Needless to say, any type of intervention can be effective among young adults, especially when tailored to the level of motivation and education. However, all of the researches reviewed, support the hypothesis that education alone is not effective enough to reduce tobacco use prevalence among young adults. Since the approaches must be diverse, the social change approach should be implemented.
Historically, most young adults become addicted as adolescents, but smoking habits are entrenching in the age of 18-24 (Suls et al., 2012). Given the fact that smokers and adolescents are found to be users of television, media interventions are urgently required to maintain low smoking rates among young adults (Husten, 2007). Anti-smoking advertisements should be introduced, so that both educational and preventative functions are fulfilled. Young educated people, exposed to media interventions, are reported to be at a lower risk for regular smoking than adults, who ignore media campaigns and have been exposed to school-based programming only (Backinger et al., 2003). Many efforts should be made to transmit media campaigns in the prime time to reach more young adults.
It is worth admitting that many young people, who do not smoke on a regular basis, do not consider themselves to be smokers and, thus, may not respond to the cessation advertisements, particularly those emphasizing on the health hazards, associated with smoking (Husten, 2007). It is critical to highlight cessation messages about those young adults, who only begin to smoke. There is evidence that young adults want media interventions to be relevant to their group age and to highlight the benefits of quitting smoking. Apart from the positive aspects of quitting, the media intervention campaign should include information about health hazards.
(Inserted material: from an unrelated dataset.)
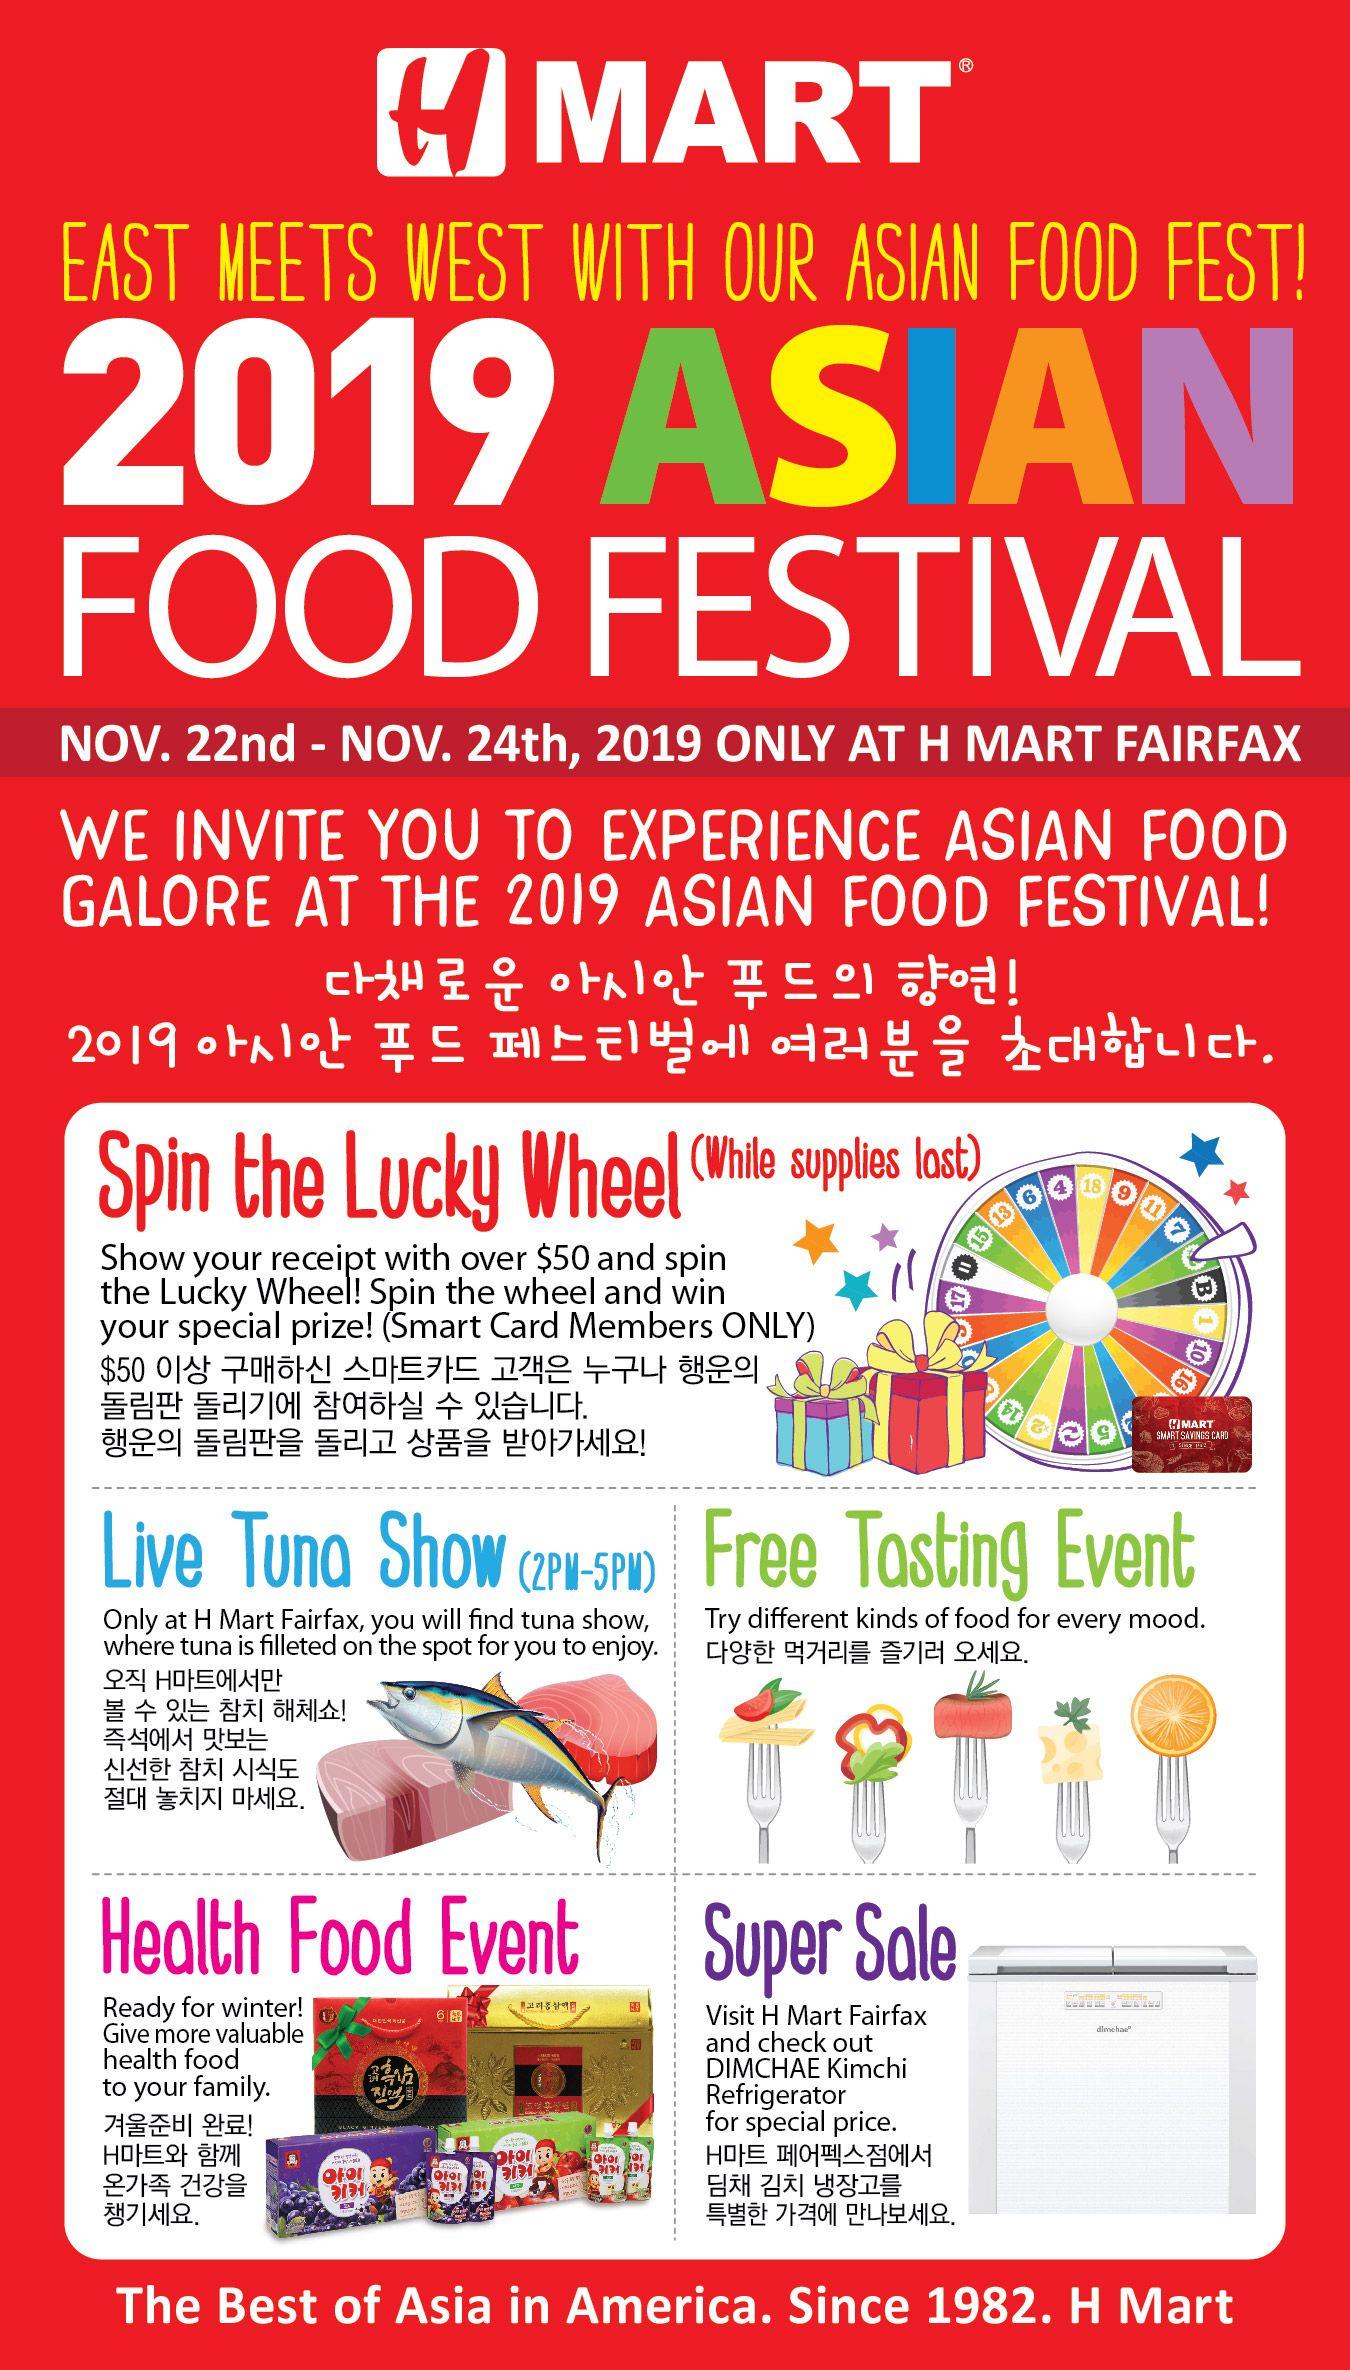 2019_fairfax_asian food festival_%EC%95%84%EC%8B%9C%EC%95%88%ED%91%B8%EB%93%9C%ED%8E%98%EC%8A%A4%ED%8B%B0%EB%B2%8C_poster 01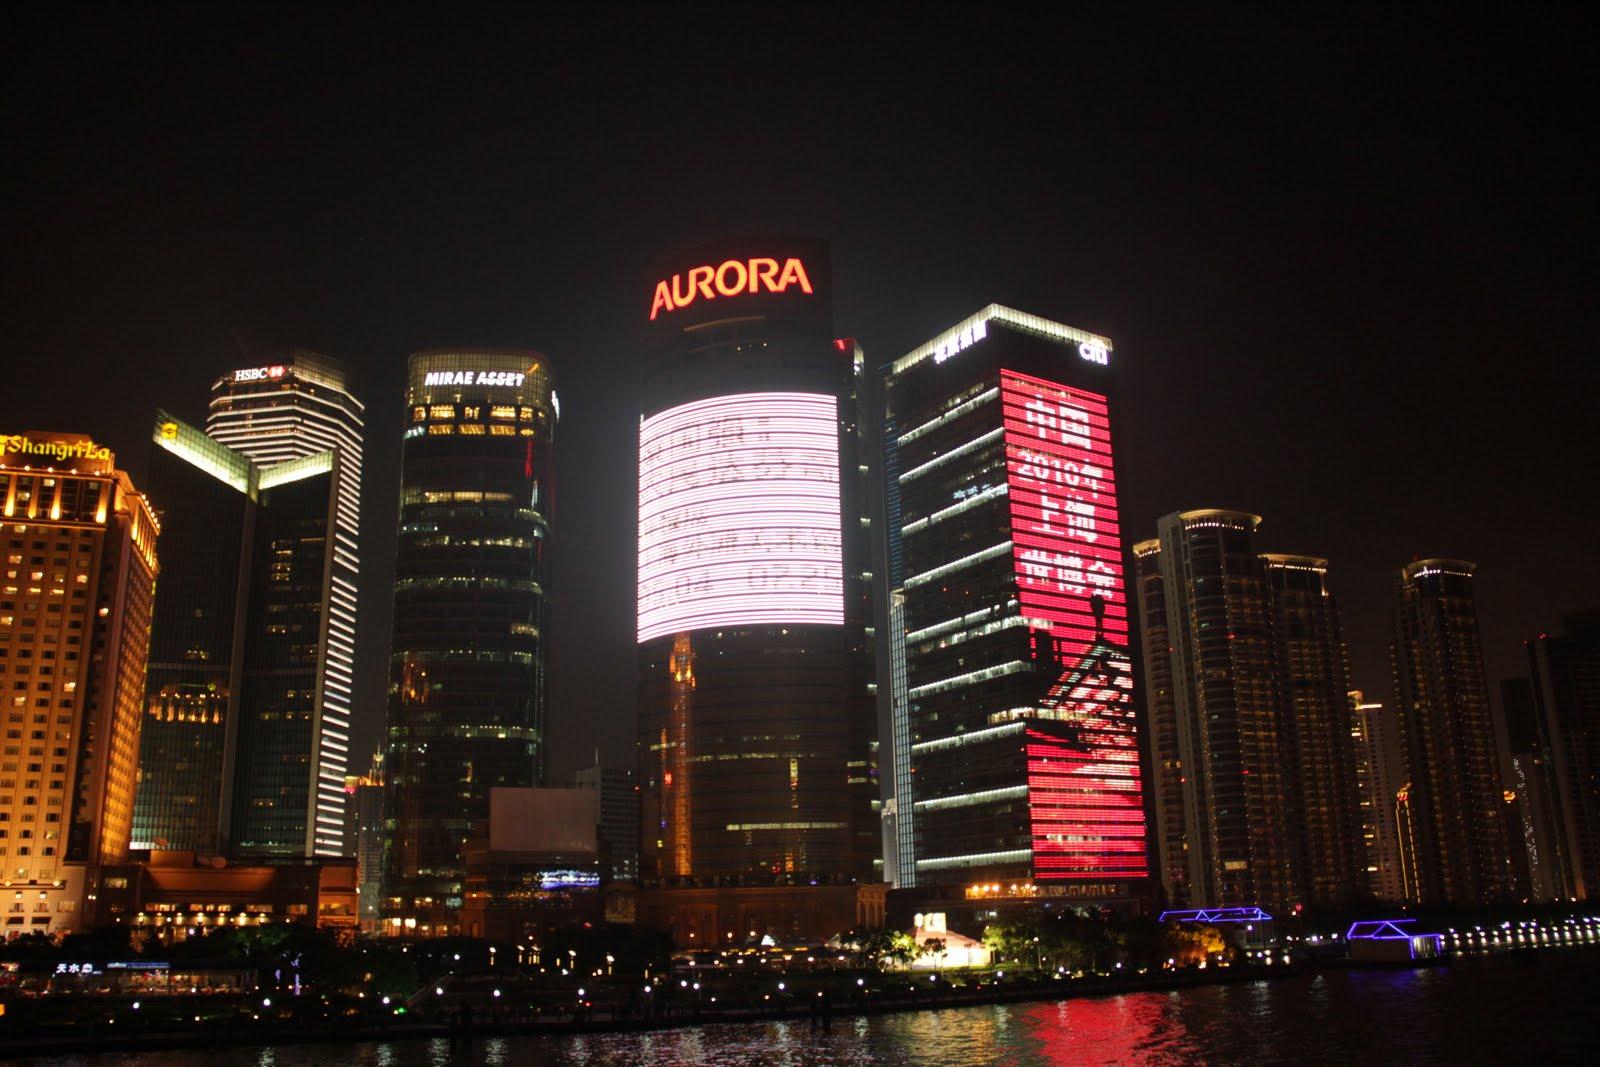 http://1.bp.blogspot.com/_NwaOMeUjCkE/TCNooBkHybI/AAAAAAAABl4/80lRScfVxbA/s1600/2June2010+Shanghai+SLR+547.JPG

Using the randomized controlled trial, conducted by Parkes et al., as an example, it can be suggested to provide young adults with the information about correlation between the lung age and years of smoking. By means of emotional appeal, the media campaign will positively affect target audience.
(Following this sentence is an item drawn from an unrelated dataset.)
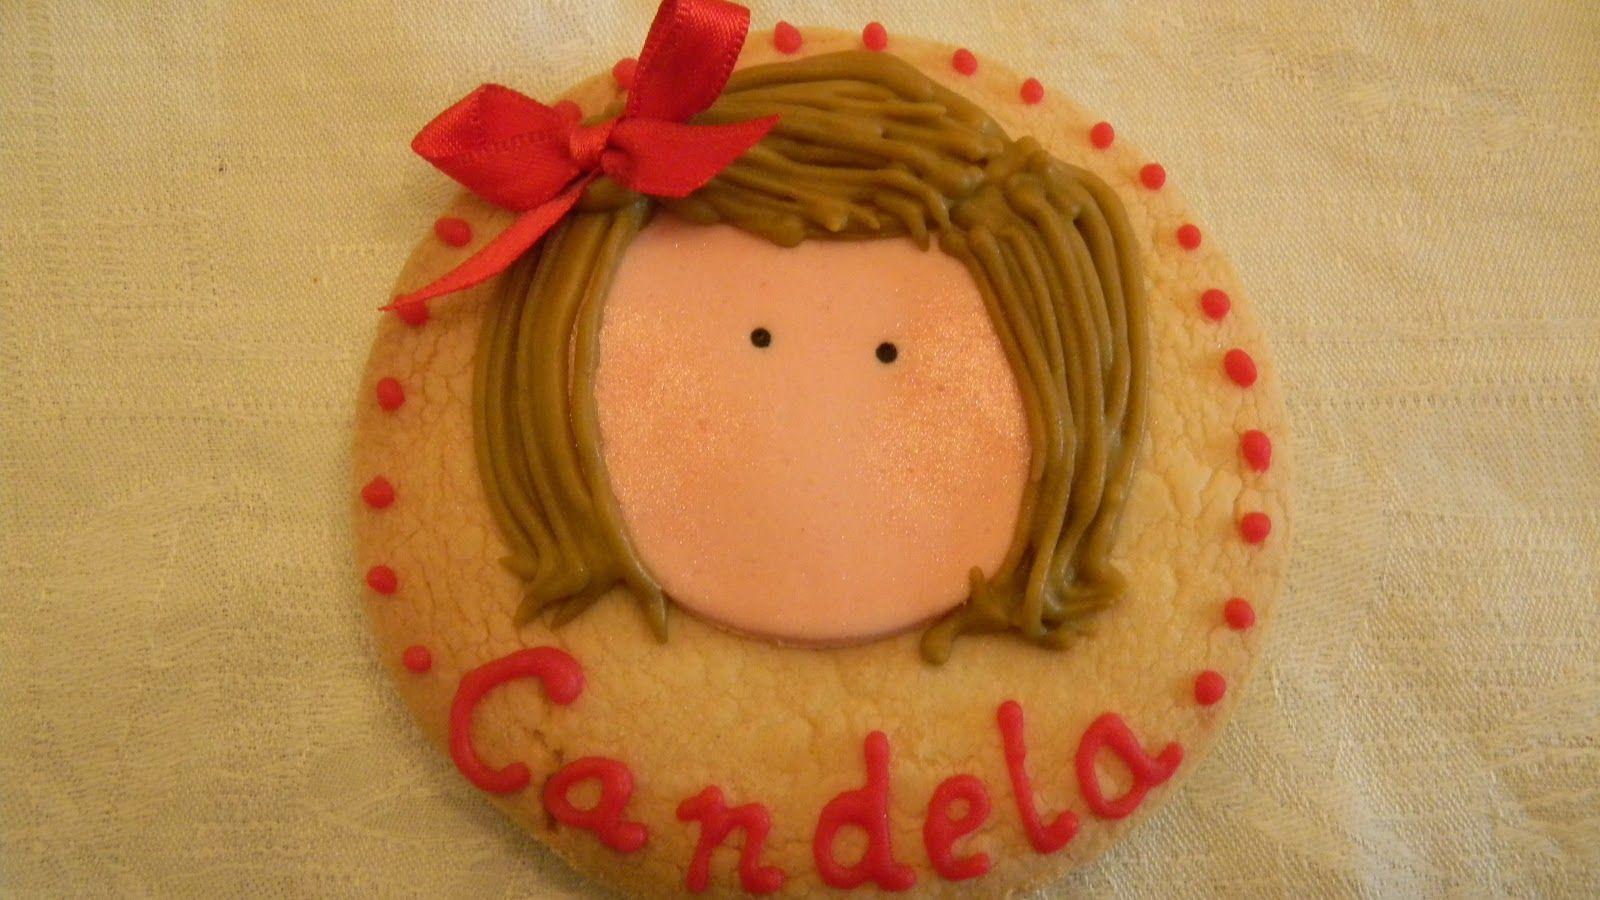 Natali's cooking: Galletas sin gluten para Navidad. Gluten free cookies for Christmas

The smoking rates will show the stagnation among young adults, who smoked intermittently and did not consider themselves tobacco addicted. After the exposure to media message about lung age, people with the lower level of addiction are more likely to quit after 12 months of intervention. Thus, approximately 15% of regular smokers and 24% of non-regular smokers will quit after a year of intervention program. The overall quit rates will reach 14% and 7% in the treatment and control group, respectively.
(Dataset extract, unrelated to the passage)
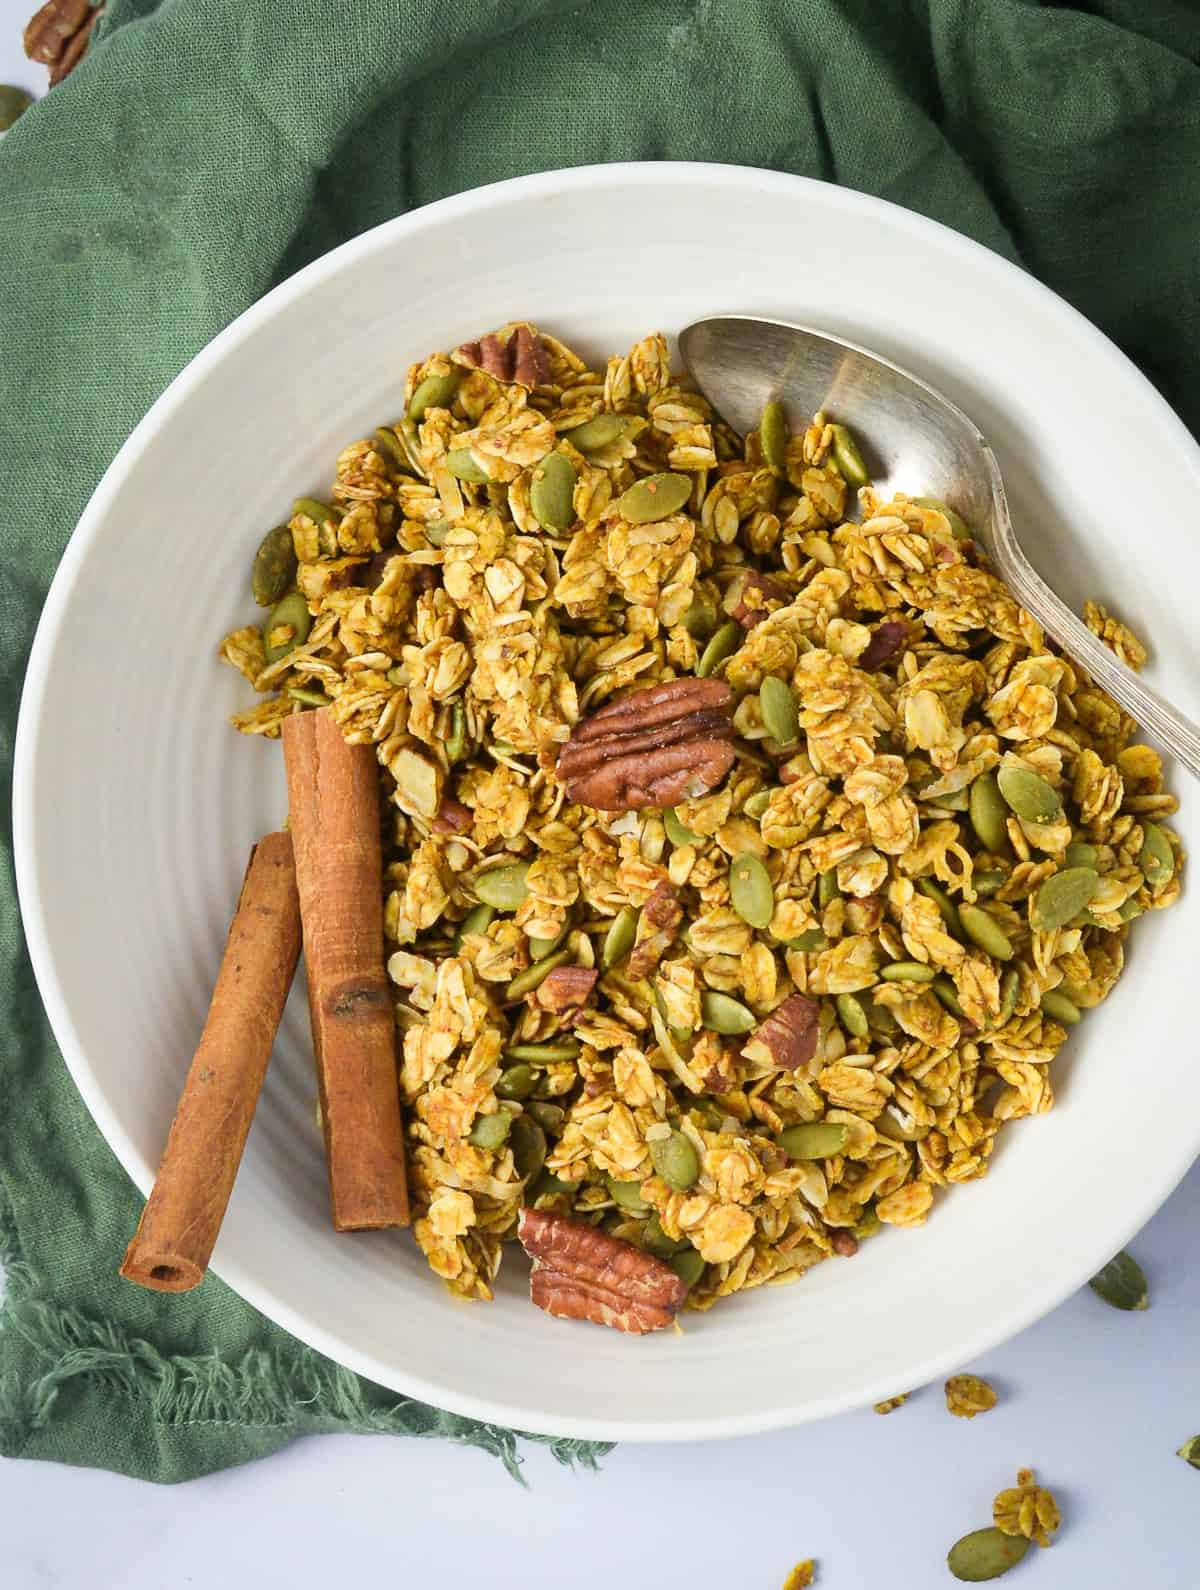 Vegan pumpkin granola in bowl with pecans and cinnamon sticks.

The primary means of measuring the efficacy of intervention program is to ask those who have participated whether they quitted smoking, and if so, what affected their decision-making. For this purpose, a questionnaire will be developed to measure a range of smoking behavior. A proportion of participants who achieve positive results immediately, following the intervention program, will relapse. Therefore, it would be appropriate to measure the impact immediately and three months after the intervention. The comparative experiment will help to best determine the impact of the program. Hence, both intervention and control groups will be interrogated to verify the intervention results.
The present health promotion proposal has showed that it is easier for young adults to quit, as their smoking experience is potentially modest. However, while very few of them try to quit, many tend to relapse. In such a way, it is medically critical to implement the social change approach, such as an anti-smoking advertisement. The suggested intervention campaign will positively affect young adults by highlighting the benefits of quitting, as well as health hazards of daily smoking.